Do not sleep on this! ( Jensen Ward / Iron Lung Records )


Our take: I spent the first several listens to this Pitva record just trying to wrap my ears around it, figuring out what was going on. Really, I’m still in that stage… what is this strange record? The easiest way to describe Pitva might be to say that they live at the intersection of hardcore and noise music, but that can mean so many things. Pitva isn’t hardcore with noise elements laid on top like Bad Breeding (whom I also love), and they aren’t noise music with a hardcore pulse. Maybe they’re not hardcore or noise music at all, as Pitva seems to arrive at their sound by some kind of weird alchemy. The one record in my collection that Pitva reminds me of is the first Iceage LP, another record that had me wondering, “is this hardcore? and if not, then what is it?” Perhaps, like Iceage, Pitva will abandon the chaotic and abrasive elements of their sound and focus on the icy atmospheres and ghostly hooks, but it’s hard to image that based just on this record… the abrasiveness is too baked in.
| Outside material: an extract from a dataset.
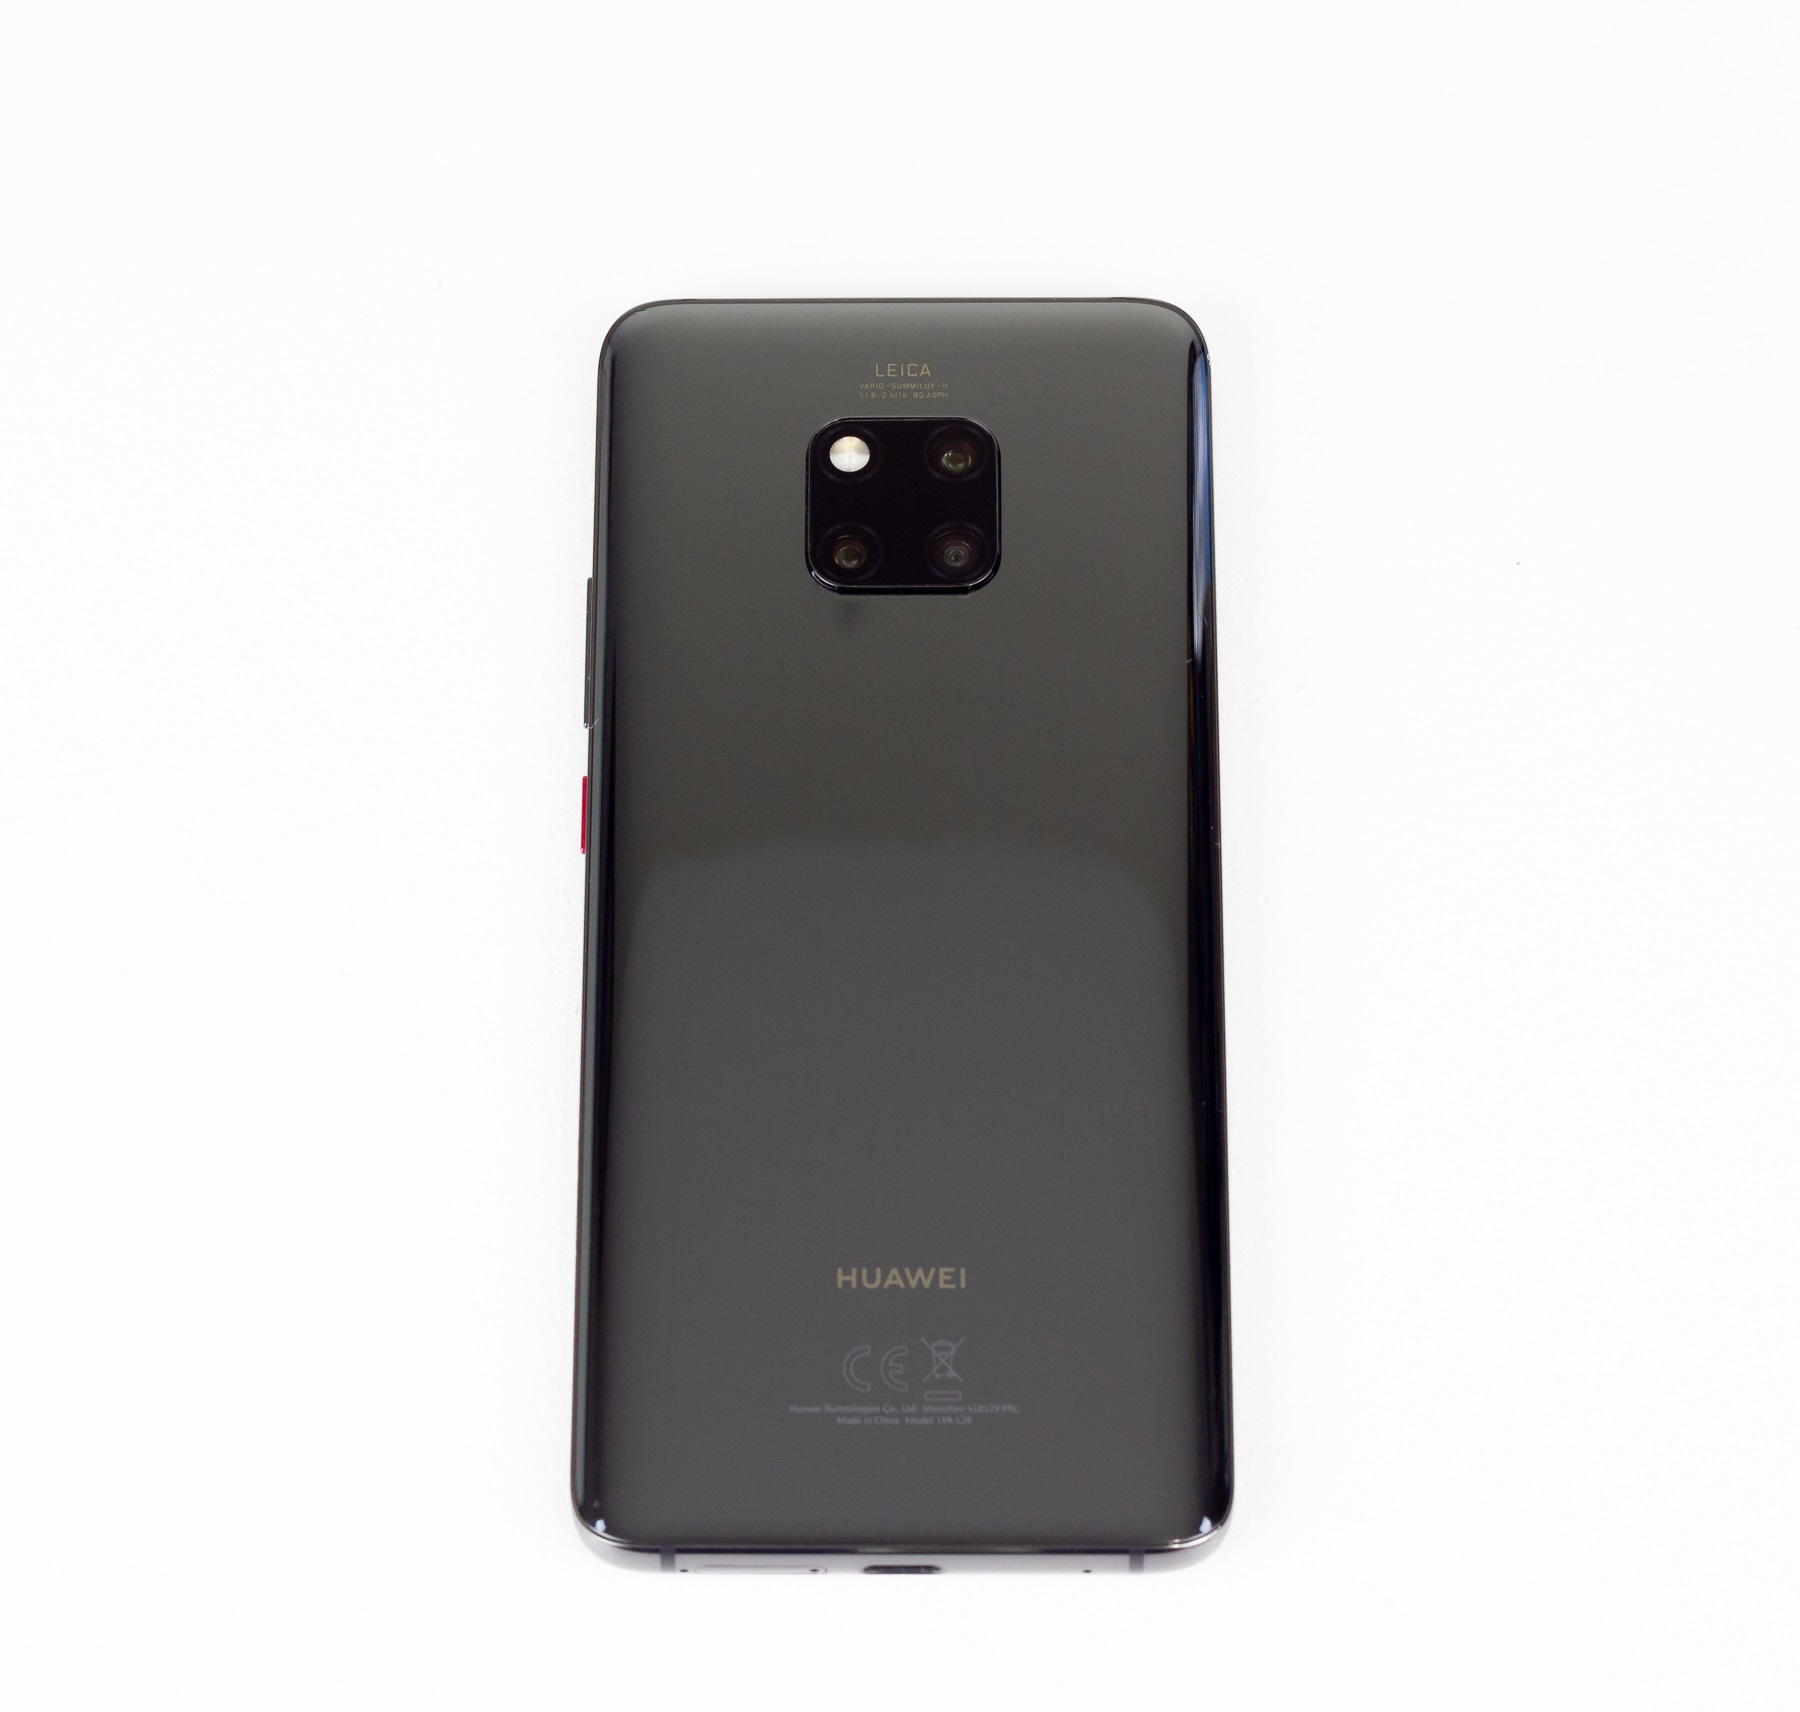 Huawei Mate 20 Pro review: the best Android option in Canada | IT Business

Despite having spent a lot of time listening to Pitva since this record landed at Sorry State, I feel like I’m still not really hearing the music, because I’m still staring agog at the turntable, wondering how they arrived at this sound. Where most music seems to be built up by a gradual accretion of rhythms, melodies, lyrics, and other musical elements, Pitva sounds like they started with a block of white noise and chipped away at it with chisels, axes, hammers, hydrochloric acid, and other caustic agents. This isn’t music you dance to or sing along with, it’s music that inspires wonder, that transports you to a place that’s strange and uncanny.